The Grant Thornton report, however, referred to the intercompany agreement as a long-term contract. As discussed in MNE Tax in the context of the dispute between Cameco and the Canadian Revenue Agency, in such long-term contracts, the distributor can be viewed as the entrepreneur. Since the distributor takes the downside risk that spot prices will be below the agreed-on future price, it also should receive the upside potential.
Significant profits could be realized by a distributor who took entrepreneurial risk during a period when market prices unexpectedly rose under this latter interpretation of the Mopani mines off-take agreement. However, if the mining affiliate bore the entrepreneurial risk under the intercompany agreement, its profits would be limited to the routine returns for the functions it bore under the arm’s length standard.

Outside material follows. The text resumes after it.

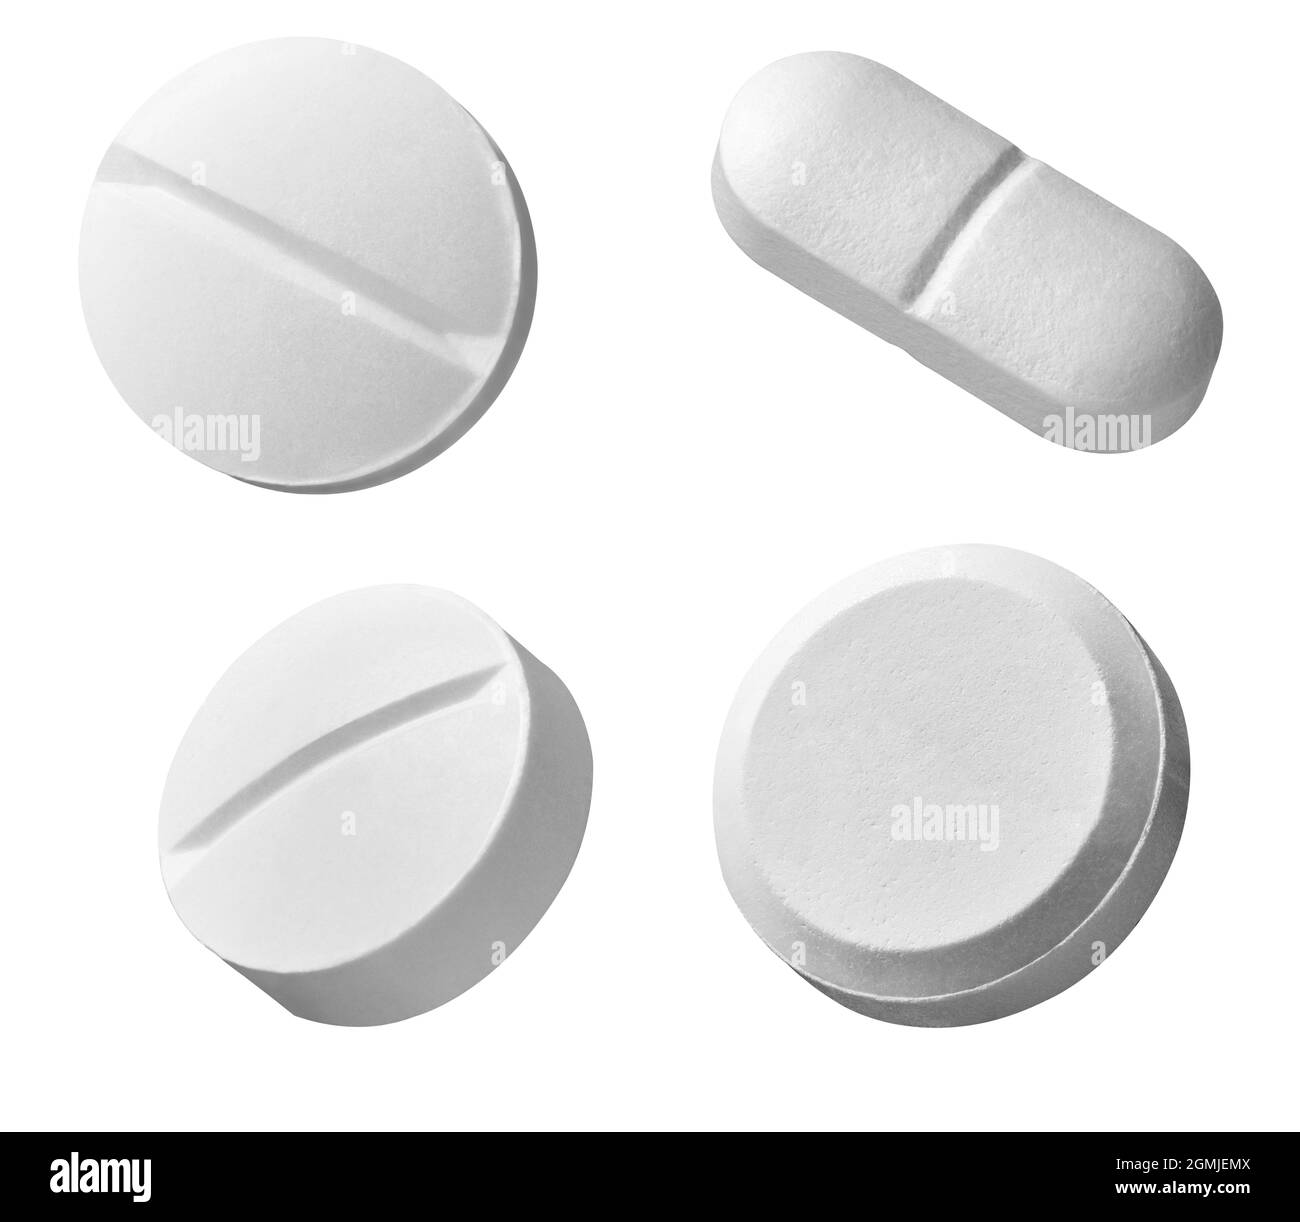 white pill medical drug medication Stock Photo
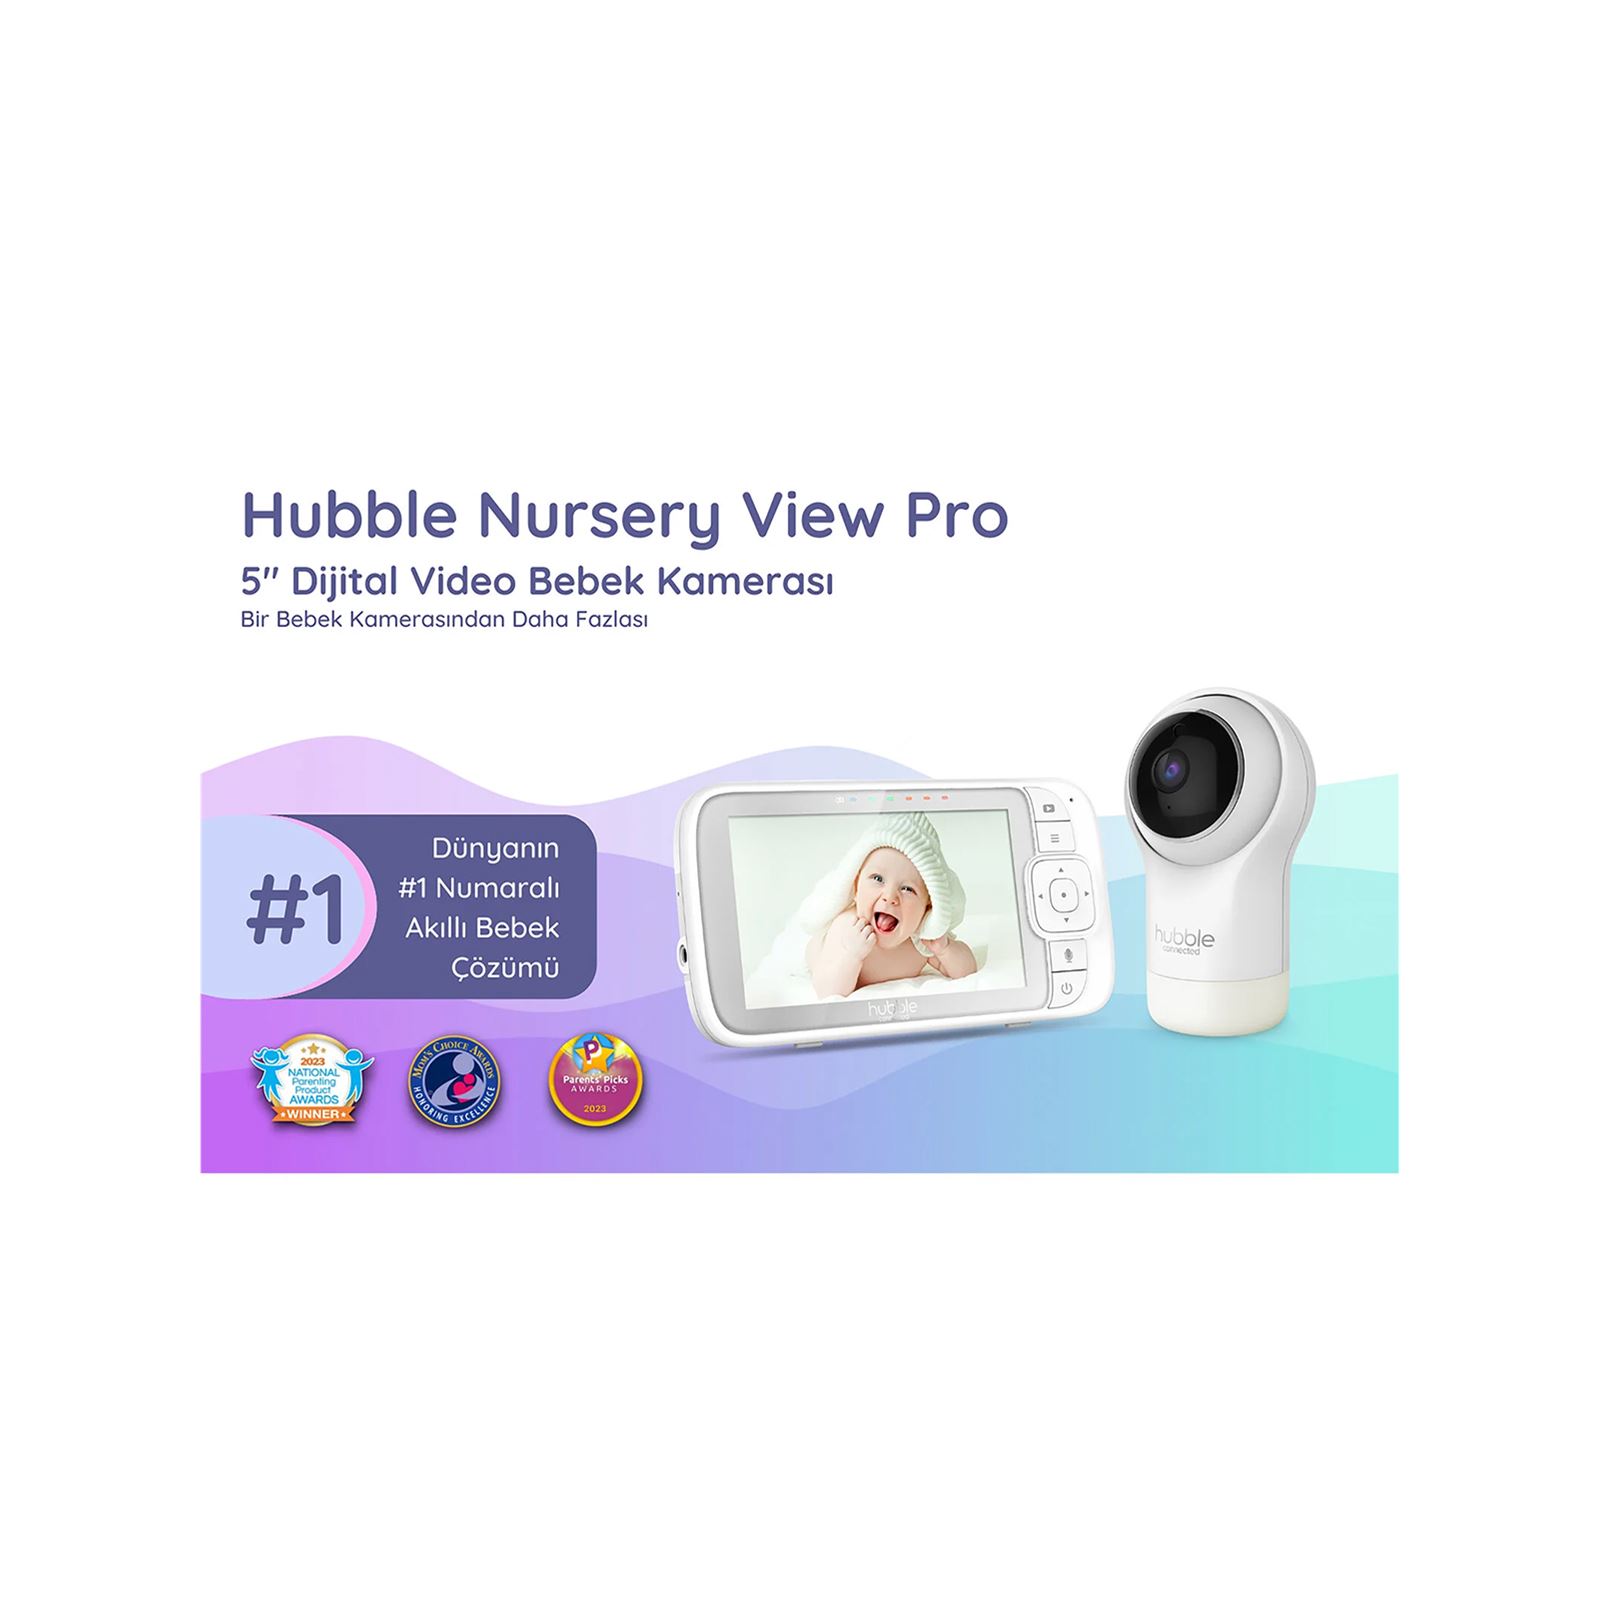 Hubble Nursery View Pro 5

Significant profits could be realized by a distributor who took entrepreneurial risk during a period when market prices unexpectedly rose under this latter interpretation of the Mopani mines off-take agreement. However, if the mining affiliate bore the entrepreneurial risk under the intercompany agreement, its profits would be limited to the routine returns for the functions it bore under the arm’s length standard.
The calculations of the alleged difference between LME pricing versus intercompany pricing made by Grant Thornton suggested an 18.34 percent gross margin for the Swiss affiliate. Their report also suggests that the Swiss affiliate received a 2 percent commission rate for shipping with the suggestion that this commission was generous relative to the actual cost of shipping.
If we assume that these alleged figures reflect the actual financials for the Swiss affiliate, then its gross margin would be 20 percent or more.
A 20 percent gross margin would certainly be generous if the only functions of the Swiss affiliate represented selling and shipping activities. Selling costs for copper multinationals tend to be 2 percent of revenue, which would suggest a 2.5 to 3 percent gross margin if the mining affiliate were responsible for both shipping and smelting costs.
Without further information about the terms of the off-take agreement, it is not possible to assess whether the transfer pricing position of either party is justified. This is a key issue not addressed in this particular transfer pricing litigation.